── The data ──

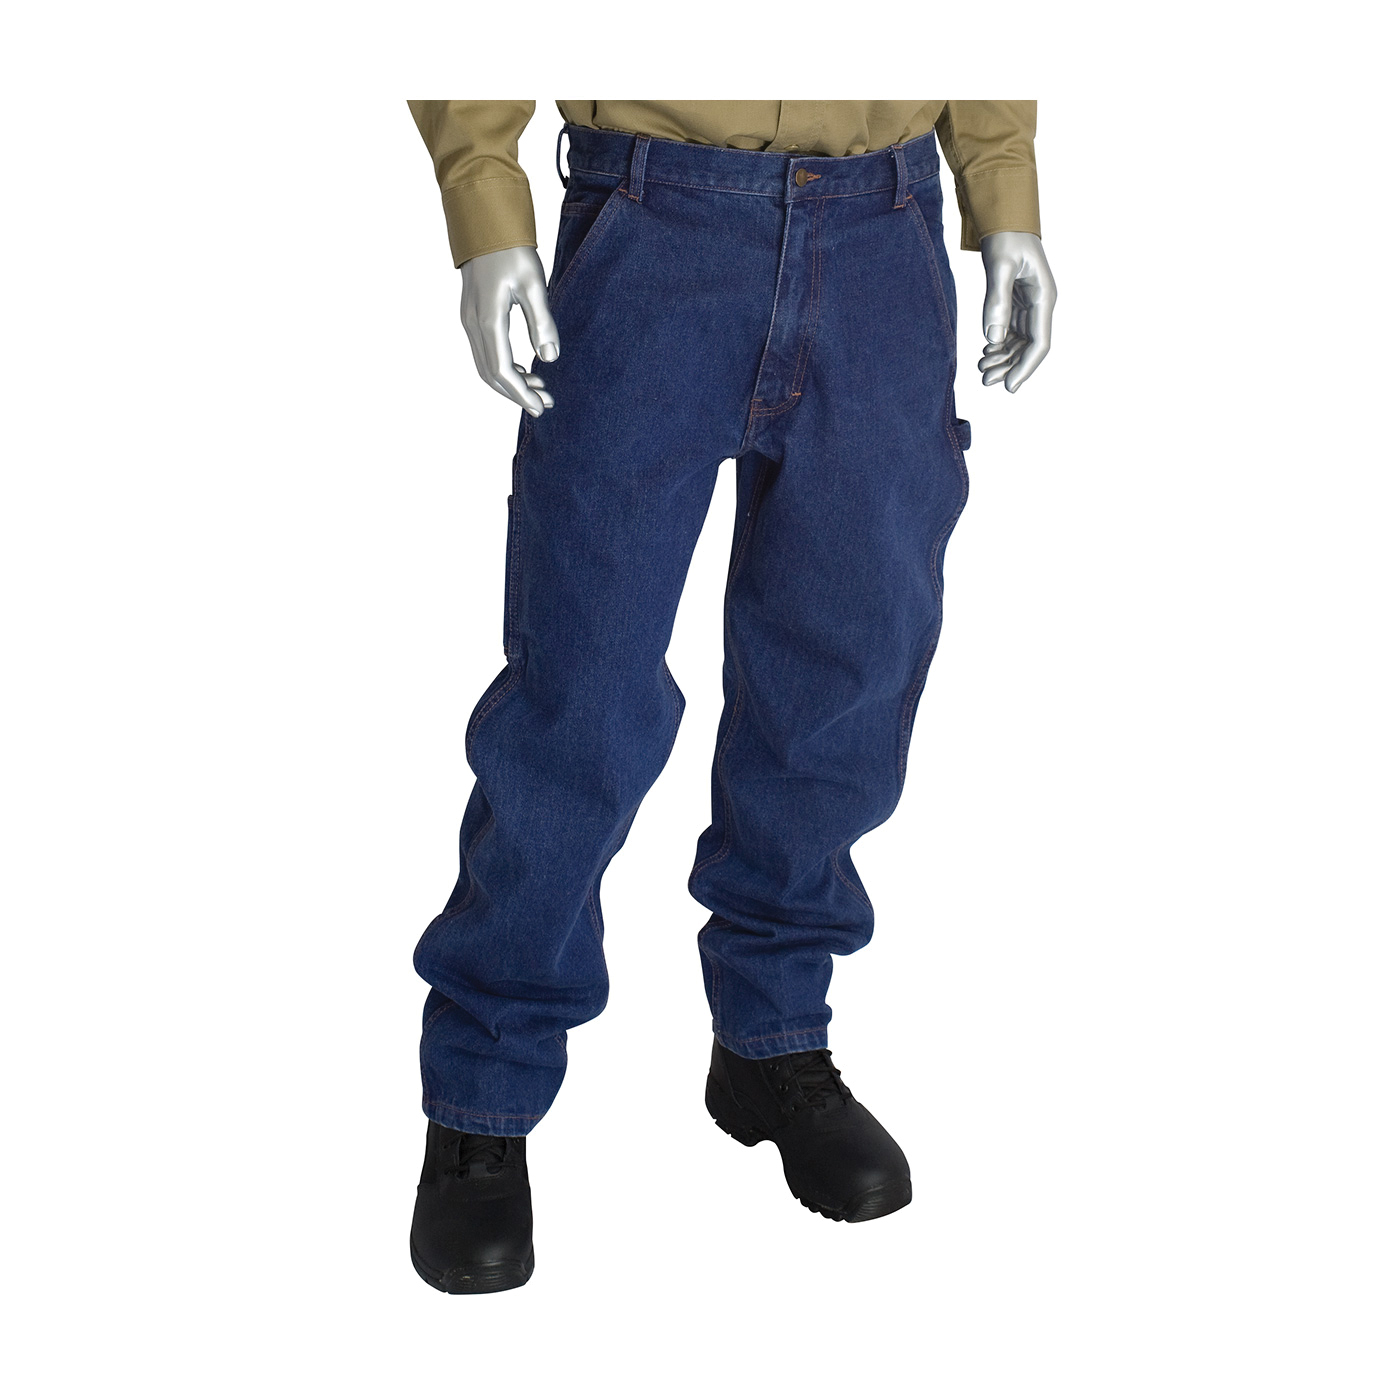 PIP® 385-FRCJ-4834 Carpenter Jeans, 48 in Waist, 34 in L Inseam, Blue Denim, Cotton
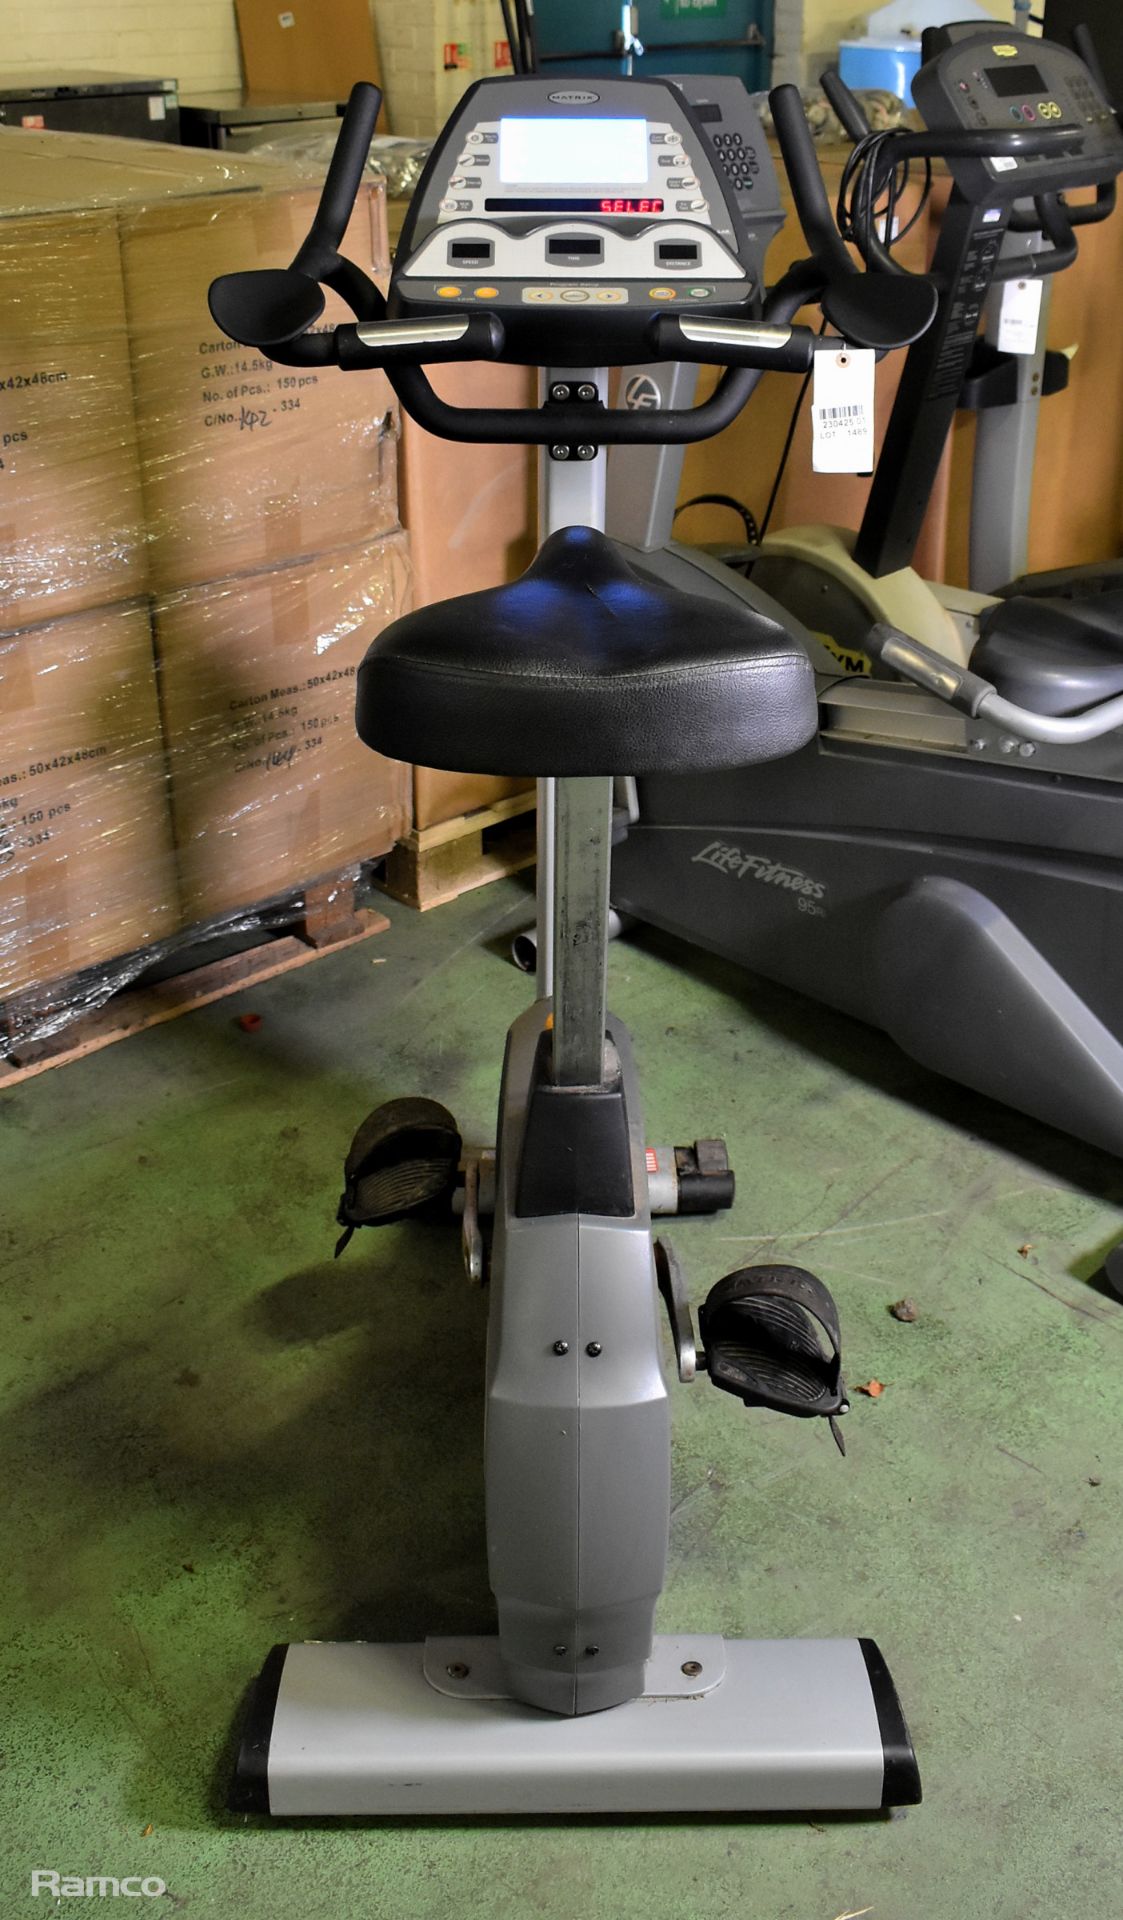 Matrix rehab exercise bike - L 93 x W 56 x H 132cm - Image 7 of 7
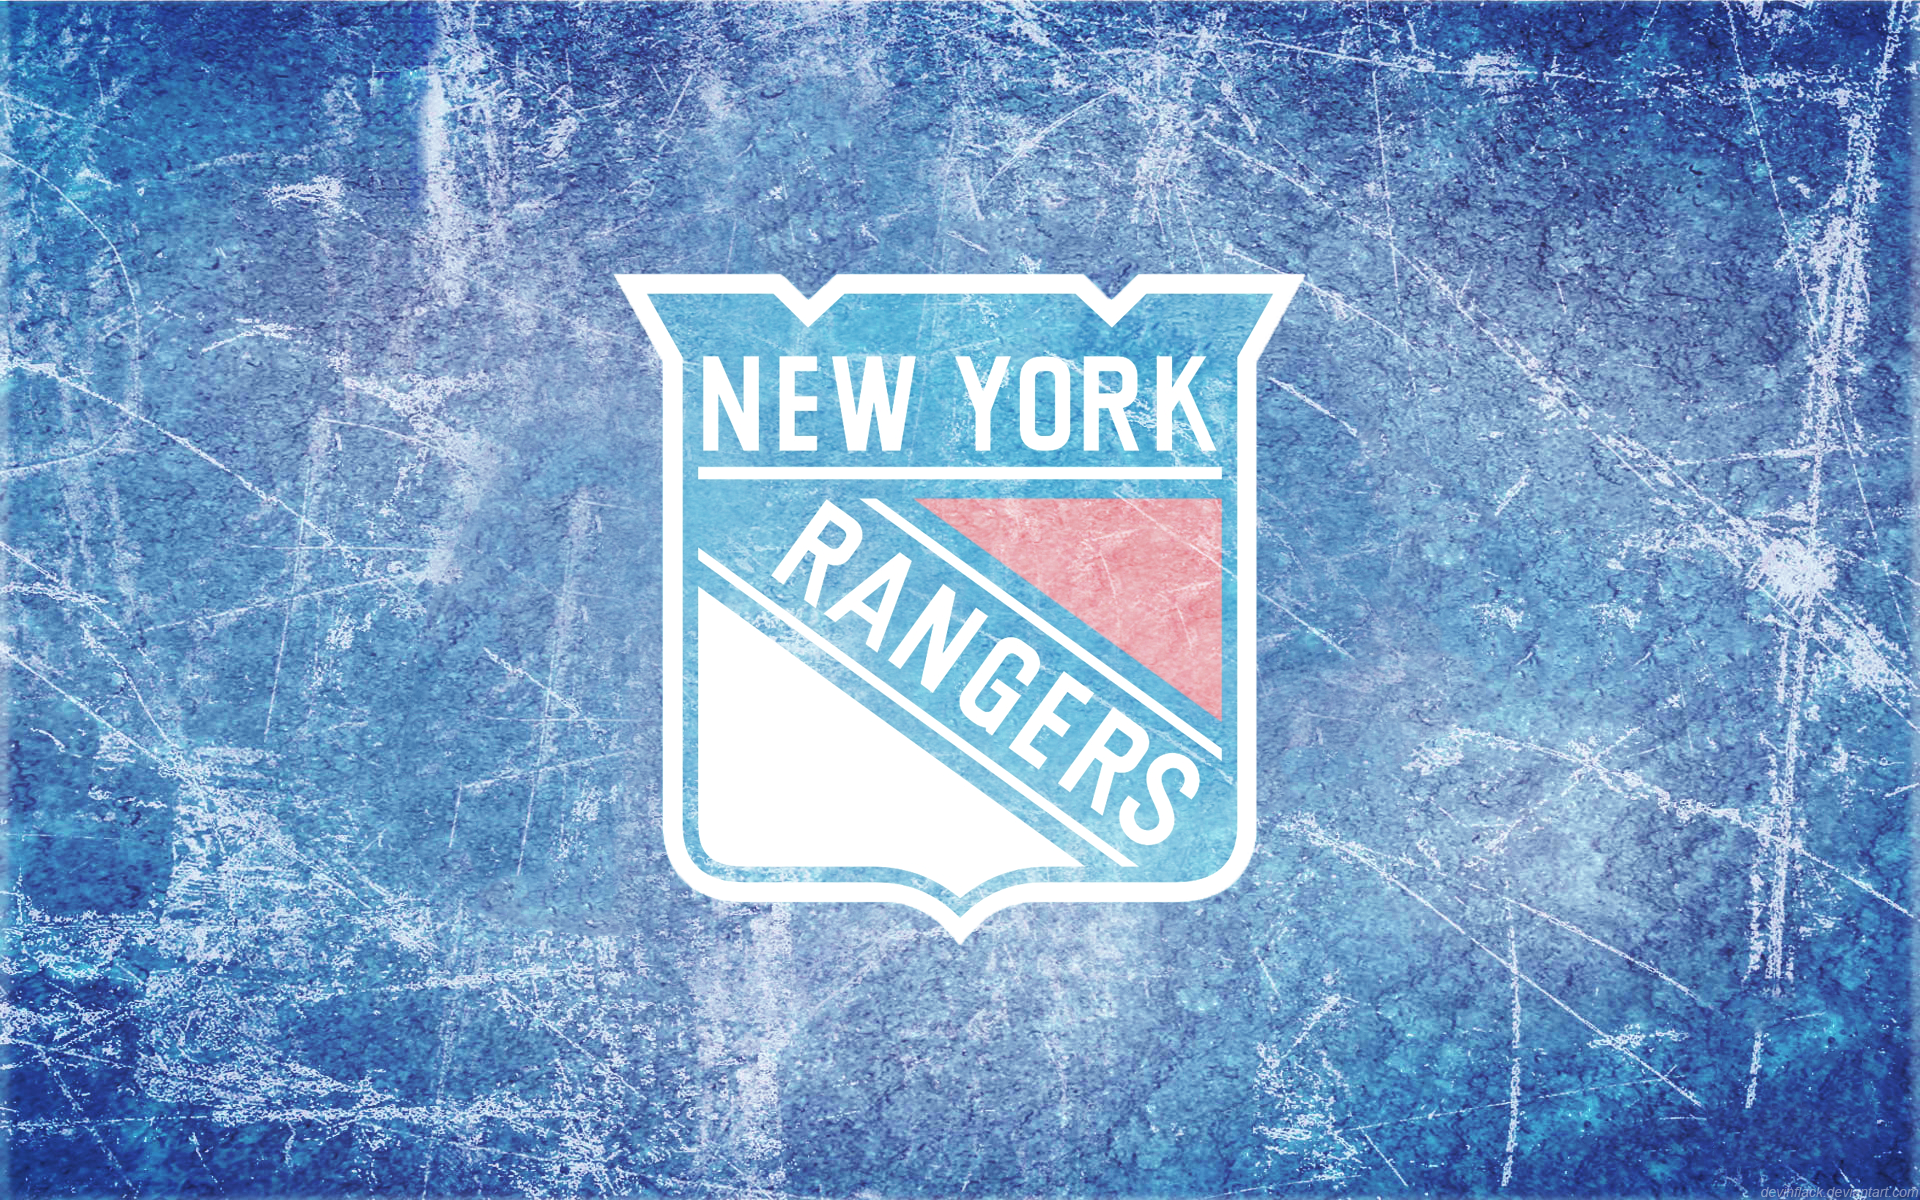 New York Rangers wallpaper 1920x1200 54080

───

Set the data above down again exactly as given, with no pictures.

 PIP® 385-FRCJ-4834 Carpenter Jeans, 48 in Waist, 34 in L Inseam, Blue Denim, Cotton
 Matrix rehab exercise bike - L 93 x W 56 x H 132cm - Image 7 of 7
 New York Rangers wallpaper 1920x1200 54080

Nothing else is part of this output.